HI chris - I try to keep them short in summer because they go in the pool. right now they are short - I just cut them with an andis 7FC - whatever that is lol - #10 is the closer cut. The only place they ever get matted is the ear hair. The minis get matted anywhere - their hair is different - not as curly. Teddy is the most curly and he is really easy to groom. Here is picture of the standard wet from the pool and their hair is longer. I use a rake then.


----------



## T o d d (Sep 25, 2007)

Pamela said:


> HI chris - I try to keep them short in summer because they go in the pool. right now they are short - I just cut them with an andis 7FC - whatever that is lol - #10 is the closer cut. The only place they ever get matted is the ear hair. The minis get matted anywhere - their hair is different - not as curly. Teddy is the most curly and he is really easy to groom. Here is picture of the standard wet from the pool and their hair is longer. I use a rake then.

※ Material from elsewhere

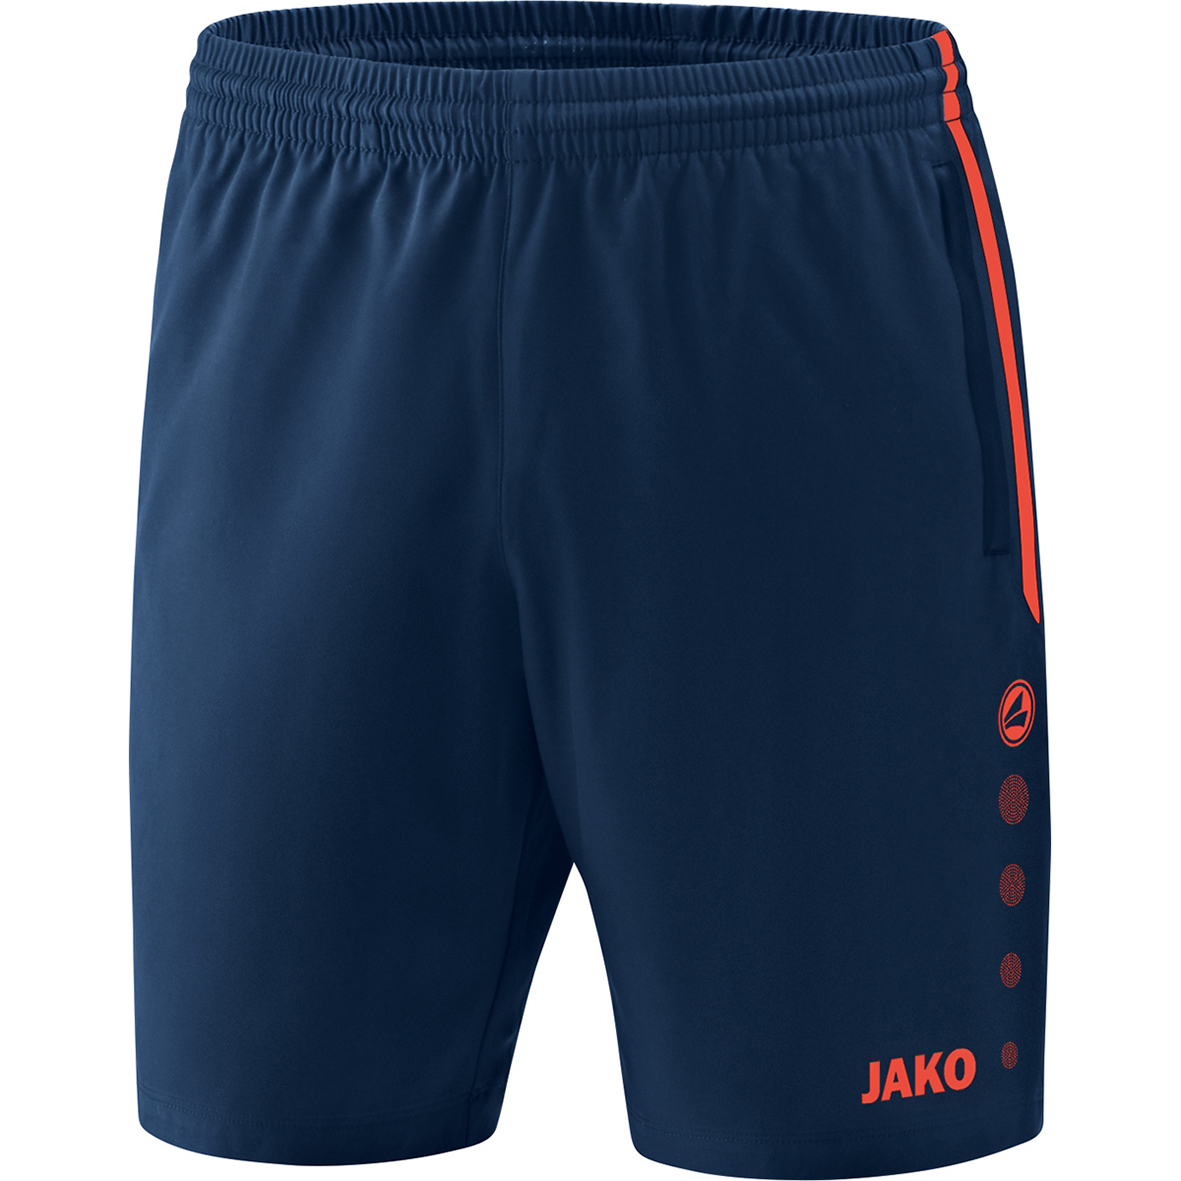 SHORTS JAKO COMPETITION 2.0, NAVY-FLAME KIDS.
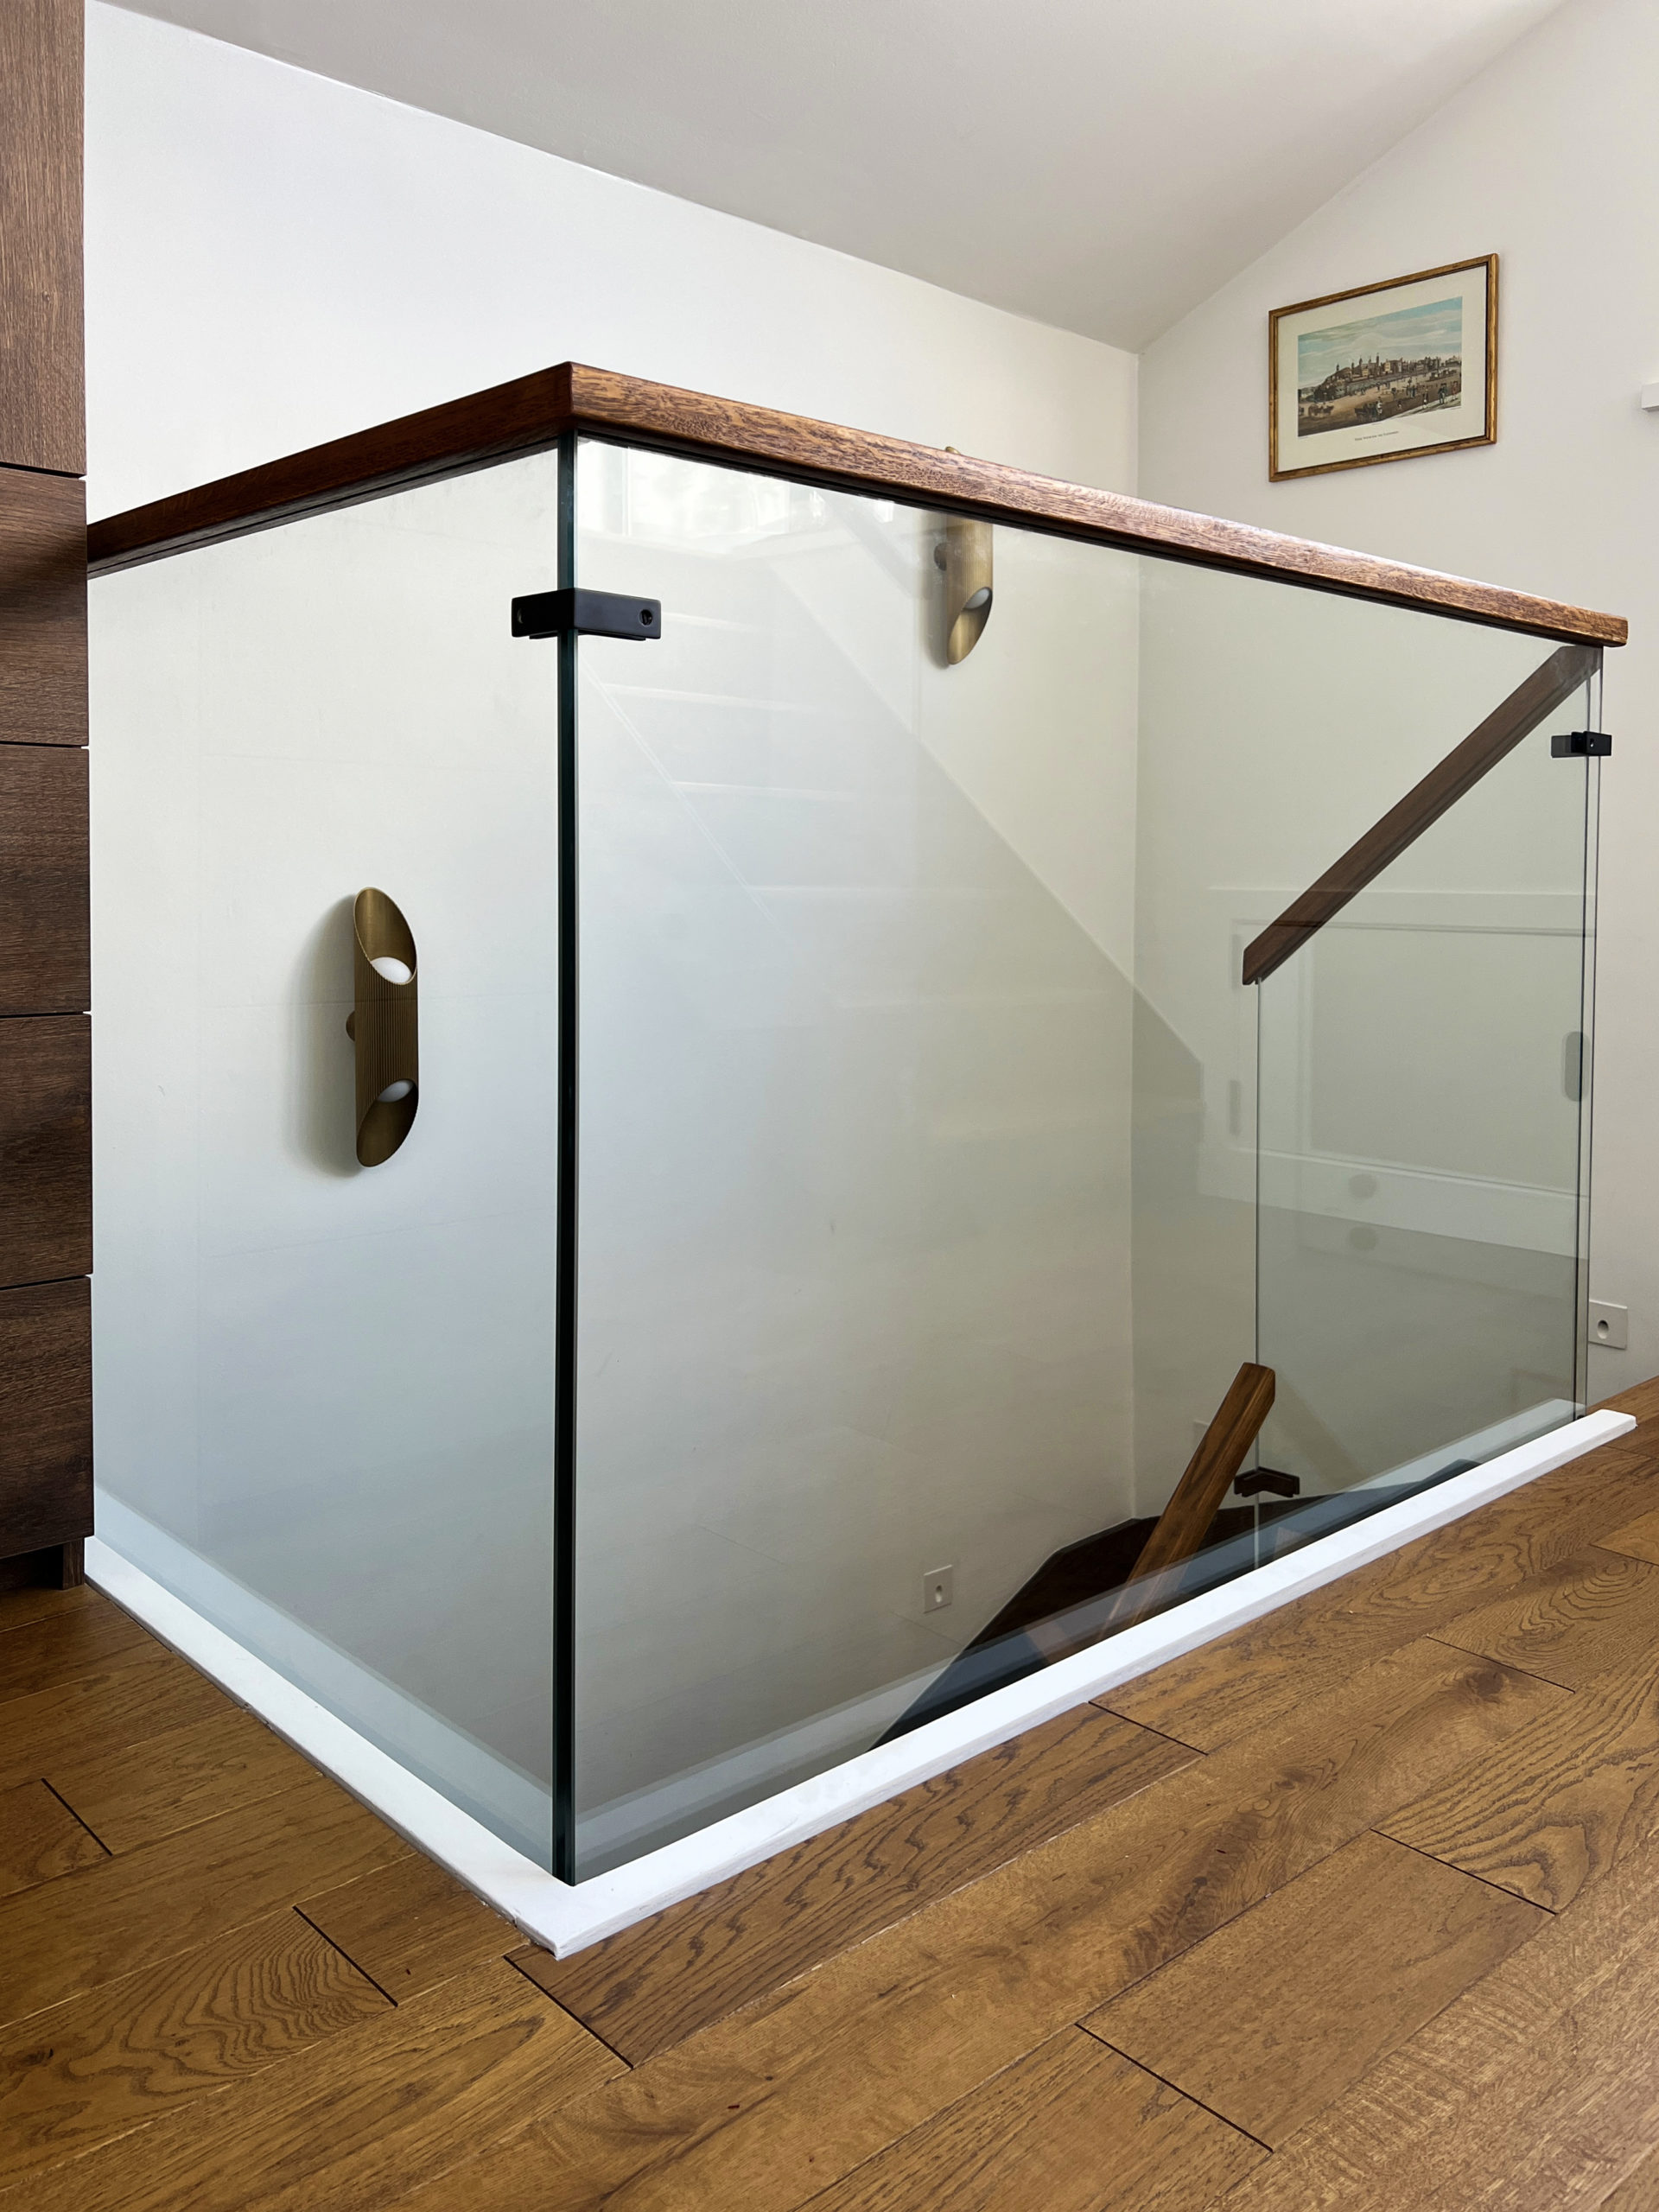 Glass balustrades with wooden handrail on top

Can they swim? Moose can't w/out his life vest 

We love the apricot one, or the red whichever it's considered


----------



## Pamela (Sep 9, 2008)

Ginger(the red) will go in the pool after a ball and retrieve it but she won't come in with me. She will go in with my daughter lol - Teddy I have to bring him in over the side and then help him swim around and then I let him go and he swims to the steps. He does sink though so I have to watch him. His back legs will just go down. I make him swim around the outside of the pool and when I let him go to the steps he can swim then! ha ha he just wants to get out. I think they would love a lake! I ws throwing them all in the pool the other day and I do this to Ginger all the time - so I threw in the minis - it was really really hot - and the fat one Cassie went right under and started to sink - I grabbed her quick - poor Cassie. She can swim so I didn't expect it but I guess her weight made her go under - she's ok though. She's such a chub! WE tookt he minis to Cape Cod once and Cassie loved running on the bay beach at low tide. She ran like the wind through water splashing her - I don't know if she could do it now she got so fat - and we feed her and her littermate exactly the same and the other one isn't fat. oh well. I love the pix of Moose in the water!


----------



## Angie (Aug 31, 2008)

I love your pack. Very cute!!


----------



## gwtwmum2 (Sep 14, 2008)

I am new to this forum - do you have all three sizes as pets? If so, I would love to pick your brain, as I am trying to decide which size would be best for my family!


----------



## Pamela (Sep 9, 2008)

ACtually we have two medium size standards and two minis. One of the minis is really small and is on the border of being a toy but she is a mini - they are litter mates and are built entirely different. Pick away!


----------



## Pamela (Sep 9, 2008)

that is the smaller one - Gabie, 9 lbs exactly half the weight of the other - Cassie - 18 lbs Gabie is built like a standard only miniature - Cassie is chunky and chubby1 lol


----------



## Pamela (Sep 9, 2008)

here is Cassie


----------



## Pamela (Sep 9, 2008)

for some reason the pix of Cassie won't take.


----------



## rmillstein (May 26, 2008)

Sometimes you need to make the picture "smaller" (in other words, make it take up less memory).


----------



## mercymoon (Aug 29, 2008)

What a pack of poodles ya got there!


----------



## SECRETO (Aug 20, 2008)

They are too cute. Looks like you have a wonderful pack. I wisk I was lounging pool side like them. lol


----------



## Rosey-lover (Oct 4, 2008)

What a cute pack you have there


----------



## Sivaro (Sep 19, 2008)

I missed this one. What a gorgeous bunch they are


----------



## Pamela (Sep 9, 2008)

thank you!


----------